マリー=デュマはパーティーで知り合ったシャルル=ド=ロシナンテと結婚する様になった。しかし彼の噂は決していいものではなかった。
友人達は結婚する前からマリーに言っていた。
「あの人いい噂聞かないから」
「これまで九回も結婚しているのよ」
「それでも九回共奥さんがすぐに死んでるのよ」
「全部事故や病死になってるけれど」
「これ絶対怪しいわよ」
「殺してるんじゃないの?」
その彼がというのだ。
「そんな噂もあるから」
「警察も怪しんでるし」
「だからね」
「あの人と結婚することは」
「止めた方がいいんじゃ」
「けれどお話してみたら」
マリーはそのおっとりとした感じの垂れ目の黒い目でで友人達に話した、楚々とした色白の面長の顔で長くセットしてある髪の毛の色も黒だ、大きな胸が目立つ一六五センチ程の肢体は女優と言っても通用する程だ。
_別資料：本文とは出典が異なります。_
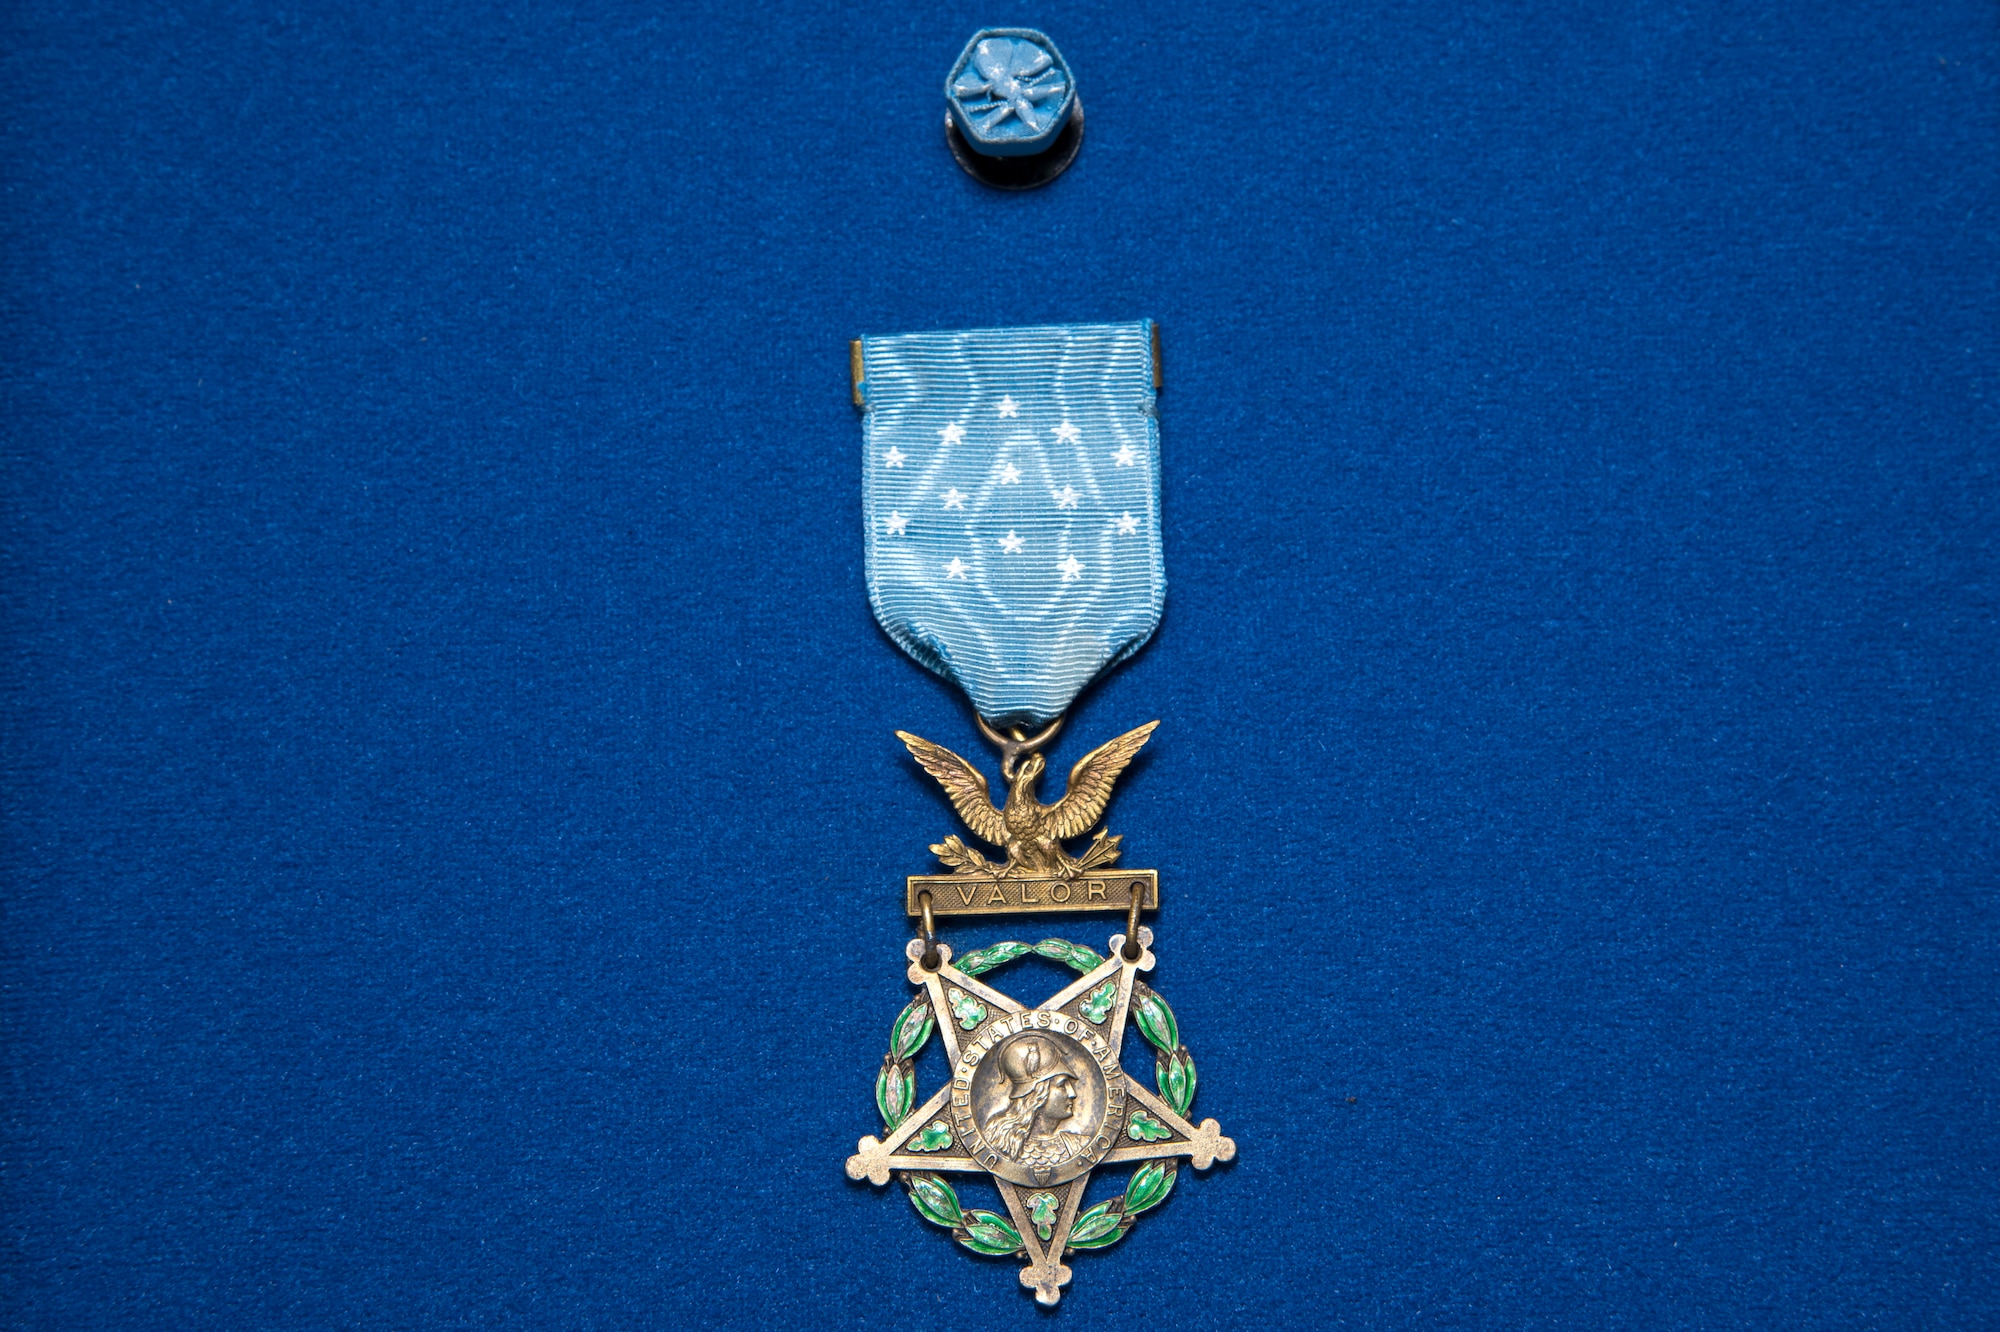 WWI pilot Lt. Frank Luke Jr. Medal of Honor on display in the Early Years Gallery at the National Museum of the U.S. Air Force. (U.S. Air Force photo by Ken LaRock)

ただし仕事は普通の大学職員で資産家のロシナンテは大学はマリーの大学に寄付もしていて彼がパーティーに呼ばれた時に声をかけられて交際がはじまったのだ。
そのロシナンテについてだ、マリーは話した。
「凄く優しくて立派なお考えを持っている紳士よ」
「それは表だけでしょ」
「裏の顔があるのよ」
「だって九回もよ」
「奥さんが結婚して一年もしないうちに先立つとか」
「絶対におかしいわよ」
「これは」
「それは噂でしょ」
マリーは友人達に温和であるが拒む顔でこの言葉を返した。
「あくまで」
「それはそうだけれど」
「奥さん九人も死んでいるのは事実よ」
「このことは本当だから」
「ちゃんとね」
「こんなこと有り得ないから」
普通ではというのだ。
「何で奥さんが九人も咲に死ぬのよ」
「それもどの人も一年もしないうちに」
「事故死だとか病死だとかいっても」
「絶対におかしいわよ」
「それであの人が殺しているっていうの?」
マリーは僅かであるがその顔に怒りを見せて友人達に問い返した。
「奥さん達を」
「そうよ、青髭みたいにね」
「実際にそうしたことする人いたわよ」
ここでこうしたことを言う友人がいた。
「結婚した人を次々と毒殺していく」
「そうした人がいたの」
「その人は二十人以上殺したらしいわ」
「人を殺すことが趣味の人間だっているじゃない」
別の友人がこう言ってきた。
「そうでしょ」
「そんな人もいるの」
「そうよ、ブランヴィエ侯爵夫人ね」
マリー達の国フランスの稀代の毒殺者だ、気に入らない者や財産を掠め取ろうと考えている相手を次々と毒殺していき最後は過酷な拷問で自白させられ処刑されている。